Regulating e-pharmacy: challenges and opportunities for access and quality of care in LMIC health systems

Access to essential medicines is a critical building block of the health system, but many low and middle-income countries (LMICs) continue to face substantial challenges in ensuring medicine accessibility, affordability and quality. The recent growth of medicine sales online represents a major disruption to pharmacy provision, presenting both challenges and opportunities across the globe. Whilst e-pharmacy businesses were initially the preserve of high-income countries, in the past decade they have been growing rapidly in LMICs, and have gained attention due to public health concerns, including the sale of prescription-only medicines without a prescription; the sale of substandard and falsified medicines; inadequate provision of information to patients; and erosion of the doctor-pharmacist-patient relationship. Further non-health-related risks include consumer fraud and lack of data privacy. The COVID-19 pandemic is encouraging a further surge in online sales, and an associated rise in cybercrime. However, e-pharmacy also presents opportunities for enhancing access to medicines, particularly for those with problems accessing traditional pharmacy services, or requiring regular medication. Regulatory systems are crucial in managing these risks and opportunities, but are hampered by lack of consensus on appropriate approaches, lack of skills and capacity among regulators, and difficulties in using national regulatory frameworks to control markets operating across country boundaries. However, analysis of LMIC e-pharmacy markets from a health systems perspective remains very limited.

We will address this knowledge gap by assessing the performance of e-pharmacies in India and Kenya, and analysing the systems that regulate them. We will characterize the e-pharmacy market in each setting in terms of its market structure and business models. We will then assess e-pharmacy performance in terms of the quality, safety and affordability of medicine provision, using online standardised patients. The quality of a sub-set of medicines obtained will be tested. We will critically appraise e-pharmacy regulation by mapping existing regulatory frameworks and accountability mechanisms, and explore implementation in practice and views on regulatory alternatives with a wide range of national and international stakeholders.
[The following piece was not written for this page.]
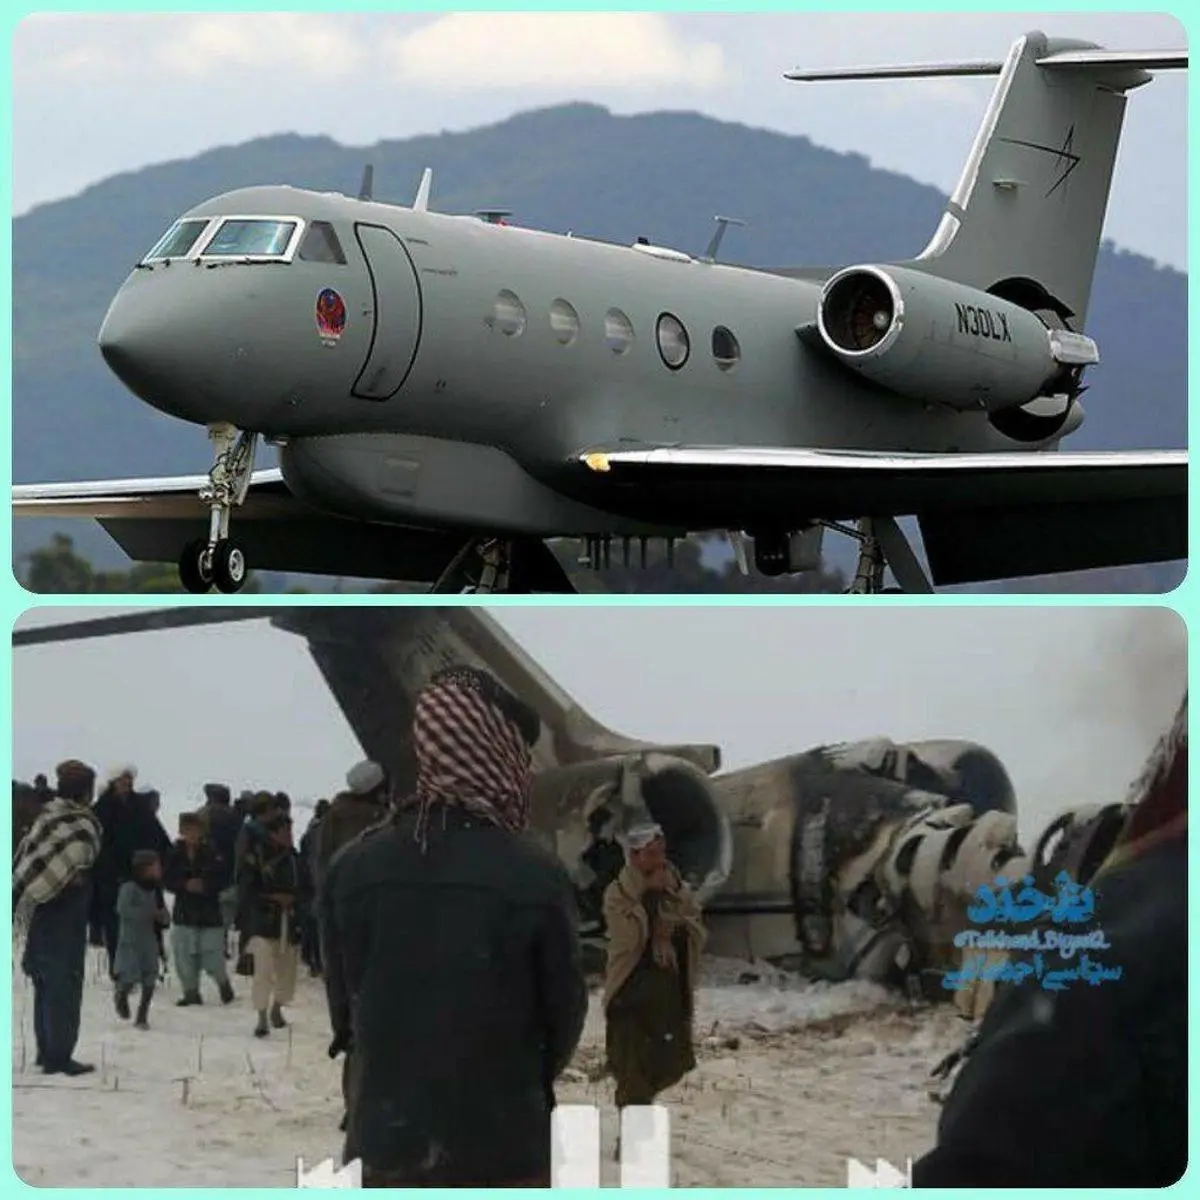 ادعای عجیب درباره سقوط هواپیما در افغانستان +عکس

Finally, reflecting the hotly contested nature of debates around e-pharmacy, we will study the policy processes that influence the design and implementation of its regulation, documenting the stakeholders involved and the institutions, interests, ideas and networks that influence them.

The research will guide policy makers, regulators and other stakeholders on approaches for strengthening regulation of e-pharmacy and improving the quality, safety and accessibility of medicine provision.

E-pharmacy is a growing phenomenon in low and middle-income countries. It has the potential to improve accessibility, reduce prices, and enhance quality assurance, yet public health concerns abound. Inappropriate use of prescription-only medicines purchased online is argued to lead to increased morbidity and mortality, antibiotic resistance and controlled prescription drug use disorders, with cyber-security threats also a significant risk. Regulation of the sector has not kept pace with these rapidly evolving, dynamic markets which operate with ease across national boundaries. This study will provide new evidence on the performance and regulation of e-pharmacies in Kenya and India- two countries at very different stages of e-pharmacy development and with contrasting political and regulatory settings.

We will characterise the e-pharmacy markets in both countries in terms of their scale, scope, business models and website regulatory compliance, using a mix of internet scraping, website review and in-depth interviews. The performance of e-pharmacies will be assessed using standardised patients (online mystery clients) to measure the proportion of cases managed in line with recommended care and government regulations, and prices charged. A sub-set of medicines purchased will be tested for quality through package inspection, and analysis of available active pharmaceutical ingredient and dissolution. We will conduct a critical appraisal of e-pharmacy regulation in each country, and assess options for amendments, drawing on document review and in-depth interviews with staff from regulatory, professional, industry and patient bodies. Finally, we will study the policy processes influencing the design and implementation of the regulatory environment, drawing on the '3I+N' framework of interests, ideas, institutions and networks.